Он пришел после полудня. Вызвонил меня в домофон, назвал мое имя, кашлял и морщился в загаженном подъезде, пока я рассматривал его через глазок. Вошел внутрь, тщательно вытер стоптанные остроносые сапоги о коврик, сел на галошницу в прихожей. Прикрыл глаза. Коричневый плащ разошелся на коленях, открывая залатанные штаны. Поля шляпы сломались о настенное зеркало за спиной. Пальцы застыли на отполированном яблоневом суку. В бороде запутались лепестки шиповника. Какой шиповник в октябре?

– Одно желание, – проговорил он глухо.

– Какое желание? – не понял я. – Кто вы?

– Одно, – пальцы чуть дрогнули. – Только одно и для себя. У меня мало времени.

– Подождите! – я начал волноваться. – О чем вы говорите?

– Одно желание, – повторил гость.

– Любое? – мне было смешно и страшно одновременно.

– Желание! – повторил он громче. Пальцы скользнули по дереву.

– Вы ко всем приходите? – растерялся я.

– Ко всем, – он приготовился встать.

– Так почему же… – я неопределенно повел головой в сторону подъезда, обернулся к окну, пожал плечами.

– Не все слышат звонок, – он по-прежнему не смотрел на меня. – Не все открывают. Не все видят.

– Подождите! – я начал лихорадочно соображать.

– Никакой платы, – он сделал ударение на слове «никакой». – Одно желание!

– Но… – в голове замелькали дети, жена, мама, соседка с больным ребенком.

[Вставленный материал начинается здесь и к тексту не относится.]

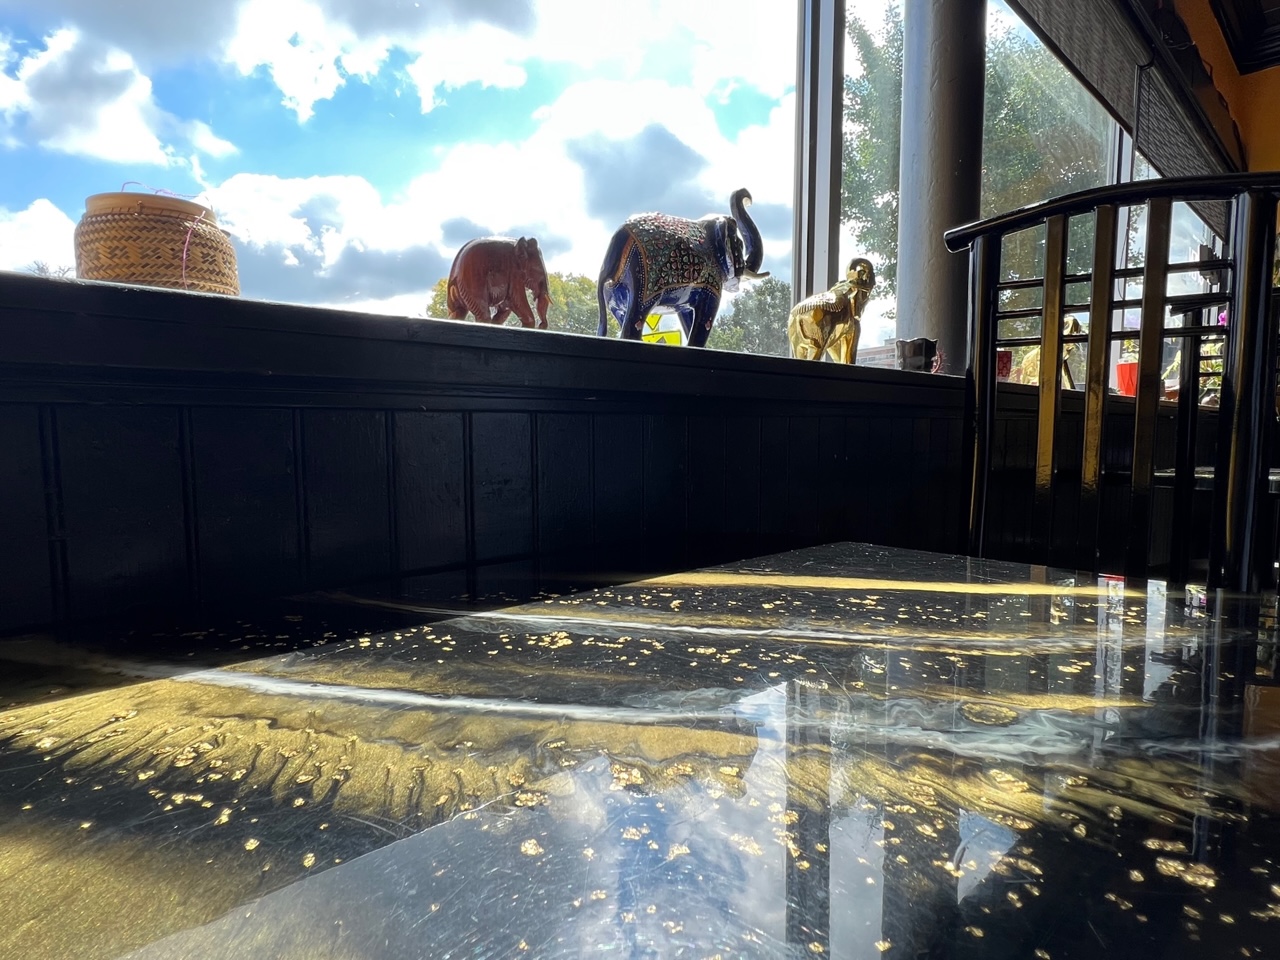 At Sticky Rice in Downtown Champaign, there are black and gold tables in a sun-drenched dining room. On the window ledge, there are various decorative elephants beside a window showing blue sky and wispy clouds. Photo by Alyssa Buckley.

– Только для себя! – поднялся гость.

– Кто вы?

– Одно желание!

– Вы все можете? – спросил я. – Тогда определите сами, чего я хочу.

У него были желтые глаза. Как у тигра. Он посмотрел на меня, кивнул и ушел. И ничего не изменилось. Ни тогда. Ни через год. Ни теперь. Но я о нем помню.

2009 год

Настояно на спирту:

Томик

– Тамара!

Чуть вздернутый подбородок, чуть прикрытые глаза. Ресницы удлиненны чем-то черным и шероховатым, покрыты как крылья бабочки пыльцой, не тронь, а то не полетит. За ними тьмою блестят зрачки. Колькин приятель подбирает живот, хлопает по карману, где лежит расческа, которая славно фыркает и визжит, когда он продувает ее после безуспешной попытки пригладить волнистые вихры.

– Василий, – хрипло заменяет он всегдашнее «Вася» и смотрит на протянутую руку. Тонкие пальцы девушки вытянуты и чуть расслаблены, словно между черной кожанкой Васьки и белой вязаной кофточкой Тамары вот-вот должна материализоваться арфа.

– Лопух, – коротко шипит Колька и, не дав парню опомниться, подхватывает Тамару под локоть. – Сюда, Томик. Васька! За руль! Или я твою машину поведу?

Колькина Машка ждет компанию в ресторане. Васька пару раз едва не проезжает на красный цвет, держится скованно, то и дело зыркает в зеркало и без нужды хватается за рычаг коробки передач.

– Спокойно! – уже на парковке щекочет ему ухо усами Колька. – Обычная телка, только с выкидоном. Подыграй!

– Я что, руку ей должен целовать? – все-таки достает расческу Васька.

– А что? – щурится Колька. – И не только руку.

Тамара стоит в светлом проеме входа. Ждет. Черная юбка – белая кофта. Черные сапоги – белая сумочка. Черные волосы – белое лицо. Только губы красные. И где-то там зрачки между ресниц.

– Красиво стоит, – причмокивает Колька.

Васька прячет расческу в карман и прокашливается.

– Ну? – рядом с Тамарой появляется цветной шарик толстушки Машки. – И долго я должна ждать?

– Пошли! – хлопает по спине Ваську Колька.

Уже ночью Колька инструктирует приятеля:

– Всегда открывай ей двери. Дверь машины, подъезда, квартиры. Не откроешь, будет стоять, как дура, и ждать. А в остальном – нормальная баба, насчет фигуры моей Машке так вообще сто очков форы даст! А руку целовать не обязательно, ты не подтормаживай, главное. Будь проще! Понял?